In ihrem Sachbuch „Der undankbare Flüchtling“ erzählt Dina Nayeri nicht nur ihre eigene Fluchtgeschichte, die auf vielen Ebenen bis heute ihr Leben bestimmt. Sondern sie besucht auch die Elendslager in Griechenland, spricht mit Geflüchteten in mehreren Ländern, mit Helfern, Anwälten, Menschenrechtlern in den Niederlanden, Großbritannien und den USA.
Dass Nayeri, ihre Mutter und ihr Bruder vergleichsweise unkompliziert das Land verlassen konnten und vergleichsweise schnell Asyl erhielten, war in erster Linie Zufällen zu verdanken – aber auch der damaligen Haltung Europas zum Grundrecht auf Asyl, das noch nicht in dem Maße unter Beschuss stand, wie es heute der Fall ist. Dass Konvertiten in Iran in Gefahr sind wurde kaum bezweifelt. Es reichte als Asylgrund aus.
Das hat sich inzwischen geändert: „Mittlerweile“, schreibt Dina Nayeri, „haben wir es unseren unfähigsten, zynischsten Bürokraten überlassen, über komplexe Wahrheiten zu entscheiden, wir haben ihnen nicht etwa aufgetragen, Leben zu retten oder die Müden und Verzweifelten aufzunehmen, sondern Lügner aufzuspüren.“ Es ginge nur noch darum, „unseren Lebensraum“ vor einer entmenschlichten „Welle“ Hilfesuchender „zu schützen und sich dabei über jegliche Moral hinwegzusetzen“.
EU-Asylsystem als Farce
Das Asylsystem, für das sich die EU so gerne rühmt – es ist für viele Betroffene eine Farce. Sei es für jene, die in der Hölle von Moria landen, sei es für jene, die Jahre des Wartens, zur Untätigkeit verdammt, verharren müssen, weil eben jene zynischen Bürokraten zwischen ihnen und der Chance auf ein Leben stehen.
Nayeri zitiert Barthes: „Warten lassen; ständiges Vorrecht jeder Macht.“ Nayeri hat die Wartenden getroffen und mit ihnen gesprochen. Sie erinnert sich an das eigene Warten, als kleines Mädchen in einer Flüchtlingsunterkunft in Italien, die im Vergleich zu den heutigen Auffanglagern an den Außengrenzen der EU geradezu luxuriös anmutet, dabei aber kaum weniger zermürbend war.
Zum einen, weil es keine Vergleichsmaßstäbe gab. Zum anderen weil es kaum einen größeren Horror gibt als die völlige Unsicherheit die eigene Zukunft betreffend.
In einem Lager in Griechenland bittet sie ein freiwilliger Helfer, den Geflüchteten emotional nicht zu nah zu kommen, keine Freundschaft mit ihnen zu schließen. Denn das könnte ihnen Hoffnungen machen. Und Hoffnungen werden in diesen Lagern schneller zerschlagen als alles andere. Nayeri rechnet vor: Aktuell kommt pro Jahr in der EU ein Asylantrag auf zweitausend Einwohner.
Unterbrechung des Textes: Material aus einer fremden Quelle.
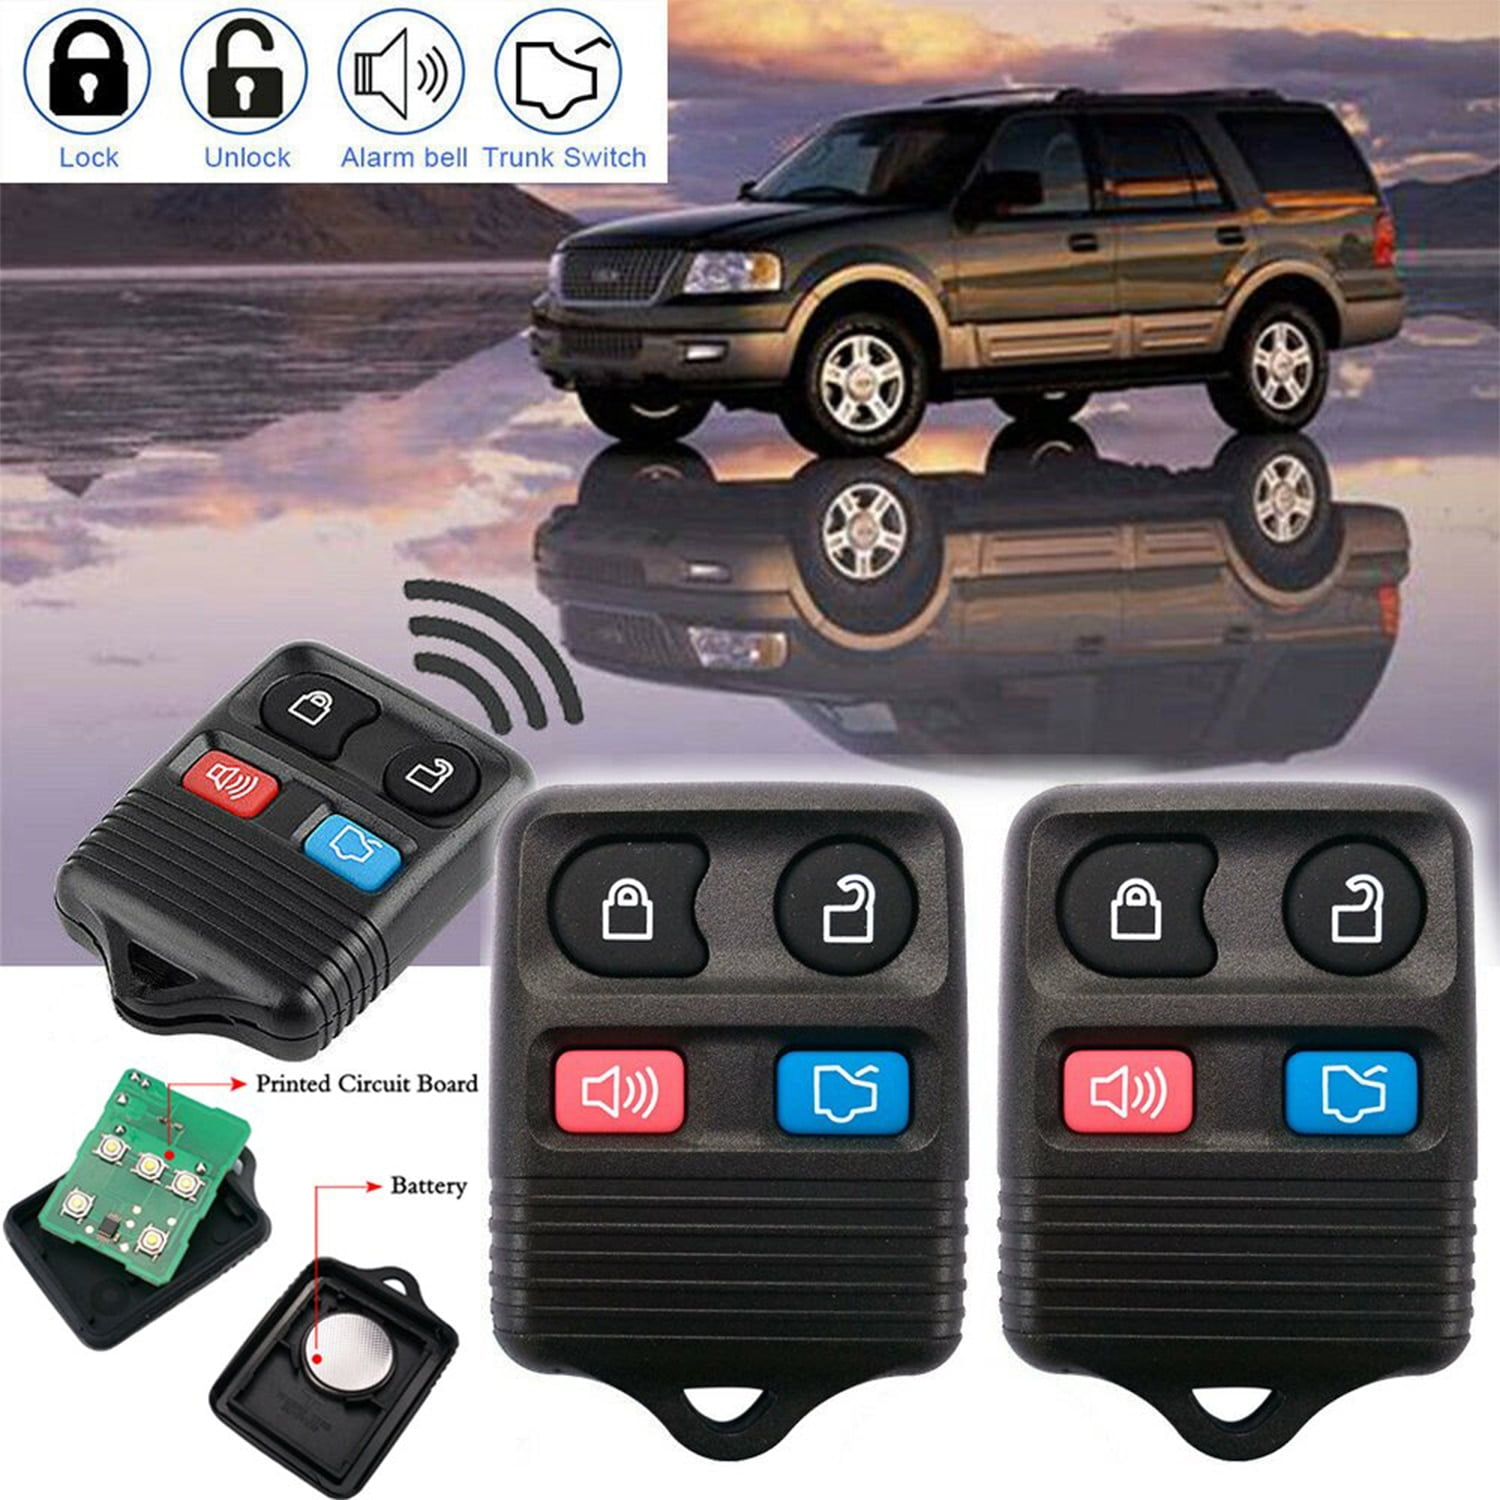 2 Car Key Fob Remote 4B For 2003 2004 2005 2006 2007 2008 2009 Ford Expedition 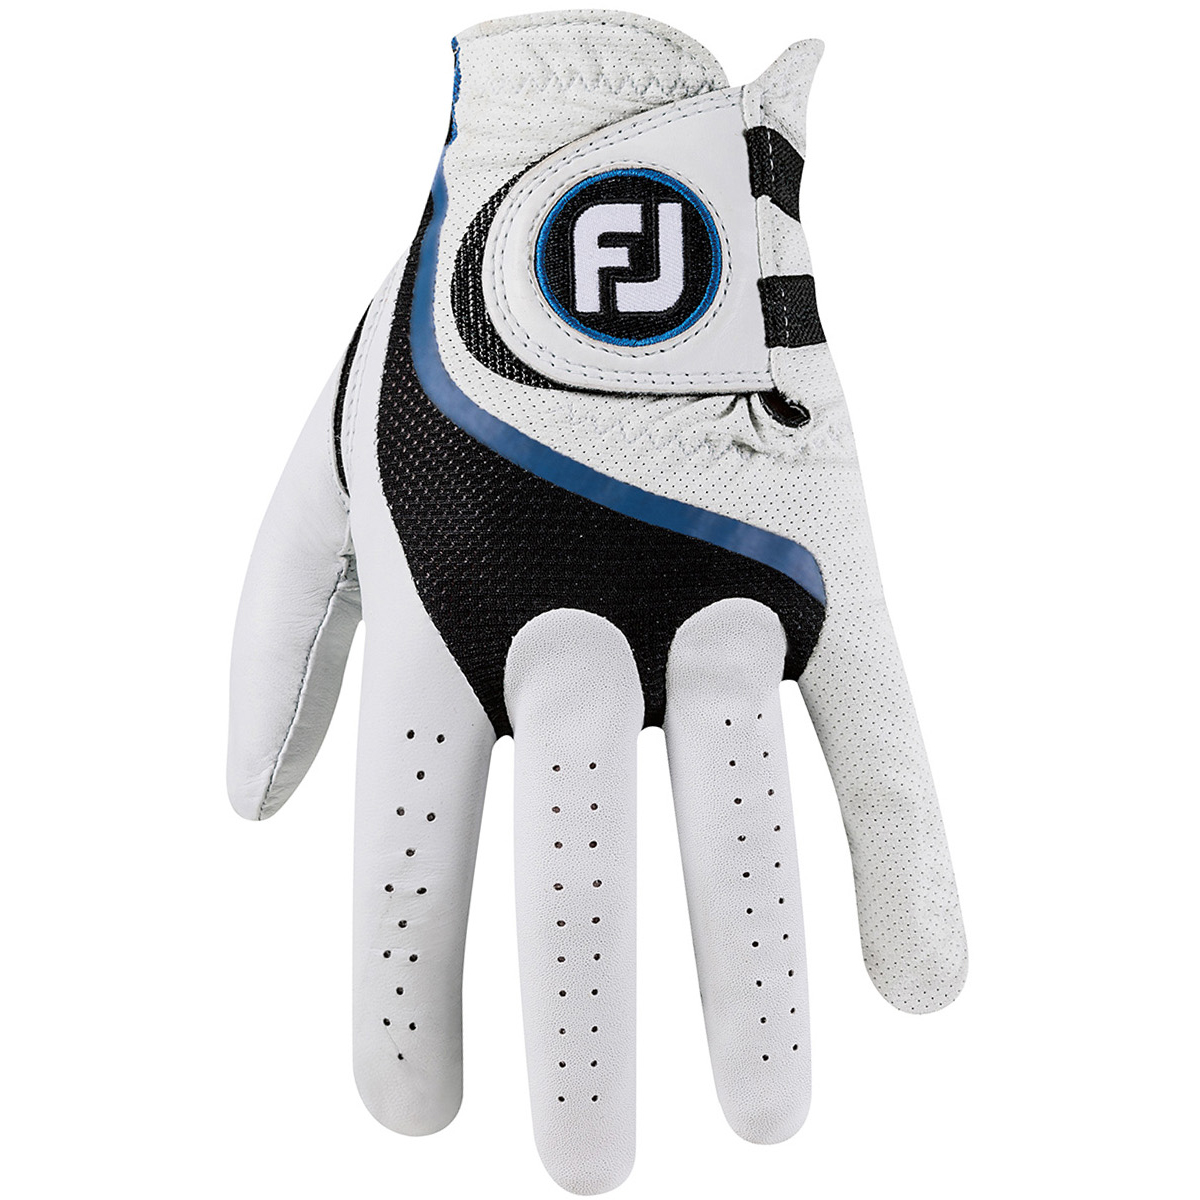 FootJoy Pro FLX Glove from american golf

Das Narrativ der Rechten, die ganze Welt wolle nach Europa kommen, ist ein Propagandamärchen von Misanthropen. Es wäre problemlos möglich, die Menschen aufzunehmen. Stattdessen tut man alles, um sie fernzuhalten. Und jene, die ankommen, schickt man in den Wartesaal. Nur wer eine funktionierende Geschichte erzählen kann hat eventuell eine Chance auf dauerhaftes Asyl, also auf eine Zukunft.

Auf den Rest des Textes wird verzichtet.